UNITED STATES COURT OF APPEALS FOR THE NINTH CIRCUIT
Apr 10, 2014
No. 11-56240 (9th Cir. Apr. 10, 2014)

Opinion

No. 11-56240 D.C. No. 2:03-cv-01142-R-RNB

04-10-2014

EDWARD JONES; et al., Plaintiffs - Appellees, v. CITY OF LOS ANGELES; et al., Defendants - Appellants.


EDWARD JONES; et al., Plaintiffs - Appellees,

v. CITY OF LOS ANGELES; et al., Defendants - Appellants.

No. 11-56240


D.C. No. 2:03-cv-01142-R-RNB

Central District of California,

Los Angeles


ORDER AMENDING

MEMORANDUM DISPOSITION

AND DENYING PETITIONS

FOR REHEARING AND

REHEARING EN BANC

Before: WARDLAW, CLIFTON, and CHRISTEN, Circuit Judges.

The memorandum disposition filed January 31, 2014, is amended as follows:

At page five, the period at the end of the second sentence is deleted and the following is inserted in its place:

, see Higher Taste, Inc. v. City of Tacoma, 717 F.3d 712, 715 (9th Cir. 2013) (noting that "court-approved actions will suffice [as judicial imprimatur], provided they entail a judicial determination that the claims on which the plaintiff obtains relief are potentially meritorious").

With this amendment, the panel has unanimously voted to deny the petition for rehearing and the petition for rehearing en banc.

The full court has been advised of the petition for rehearing en banc and no judge has requested a vote on whether to rehear this matter en banc. Fed. R. App. P. 35.

The petition for rehearing and the petition for rehearing en banc are DENIED. No further petitions shall be entertained.

IT IS SO ORDERED.

NOT FOR PUBLICATION


AMENDED

MEMORANDUM

This disposition is not appropriate for publication and is not precedent except as provided by 9th Cir. R. 36-3.


Appeal from the United States District Court

for the Central District of California

Manuel L. Real, District Judge, Presiding


Submitted January 27, 2014

The panel unanimously concludes this case is suitable for decision without oral argument. See Fed. R. App. P. 34(a)(2).

Pasadena, California

Before: WARDLAW, CLIFTON, and CHRISTEN, Circuit Judges.

The City of Los Angeles appeals the district court's order awarding attorneys' fees in the amount of $697,413.00 to Plaintiffs under 42 U.S.C. § 1988 and California Code of Civil Procedure § 1021.5. We have jurisdiction under 28 U.S.C. § 1291, and we affirm.

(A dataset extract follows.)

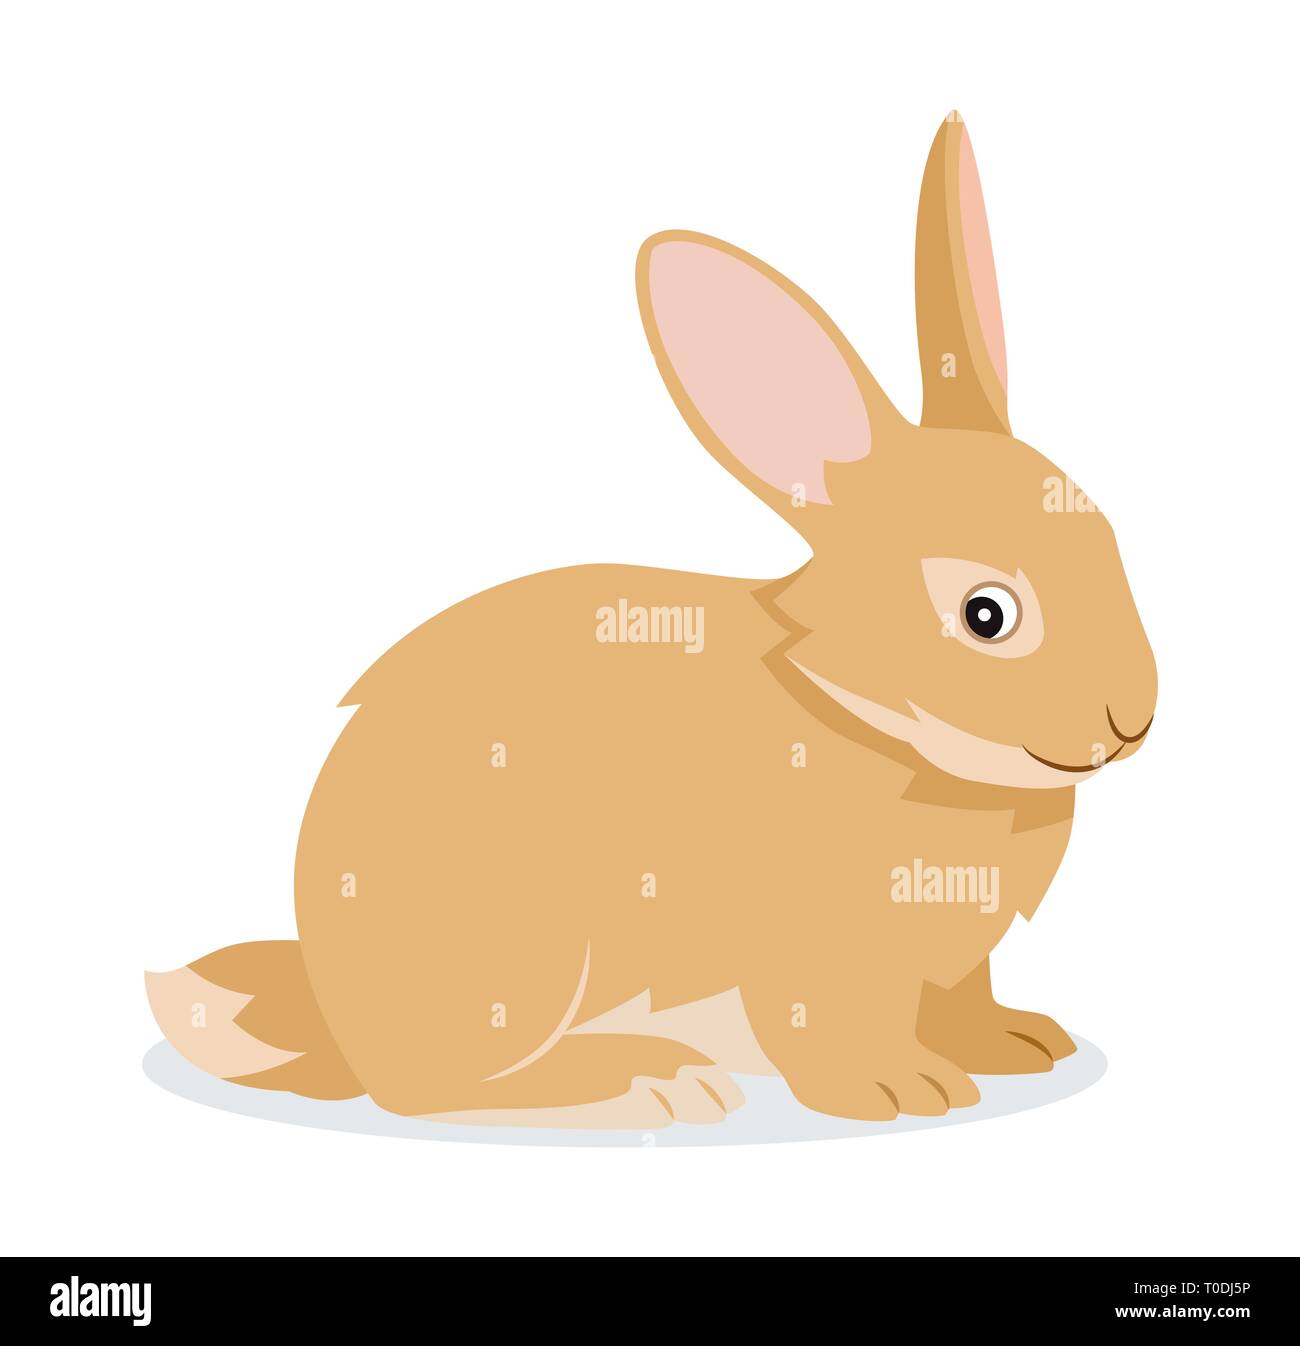 Carino icona di coniglio isolato, piccola fluffy pet con lunghe orecchie, animale domestico, illustrazione vettoriale Illustrazione Vettoriale

Because the district court granted the entirety of the attorneys' fees based on the federal claim, we do not address the issue of Plaintiffs' entitlement to fees under California Code of Civil Procedure § 1021.5.

The district court did not abuse its discretion when it ordered, reviewed, and granted Plaintiffs' motion for attorneys' fees upon remand. While the underlying merits appeal was pending in our court, the parties reached a settlement agreement conditioned upon our grant of the parties' joint motion to vacate the opinion we had published, though the mandate had not issued. We granted the motion, dismissed the appeal, and remanded to the district court with instructions to dismiss the underlying action with prejudice. After that mandate issued, we transferred Plaintiffs' motion for attorneys' fees to the district court on November 13, 2007. The district court acted within its discretion when after spreading the mandate, it ordered Plaintiffs to file their motion for attorneys' fees by October 6, 2008, which they timely did. See Fed. R. Civ. P. 54(d)(2)(B)(i) ("Unless a statute or a court order provides otherwise, the motion [for attorneys' fees] must be filed no later than 14 days after the entry of judgment") (emphasis added); see also Comm. for Idaho's High Desert, Inc. v. Yost, 92 F.3d 814, 825 (9th Cir. 1996) ("[A] court can by order provide a different deadline.").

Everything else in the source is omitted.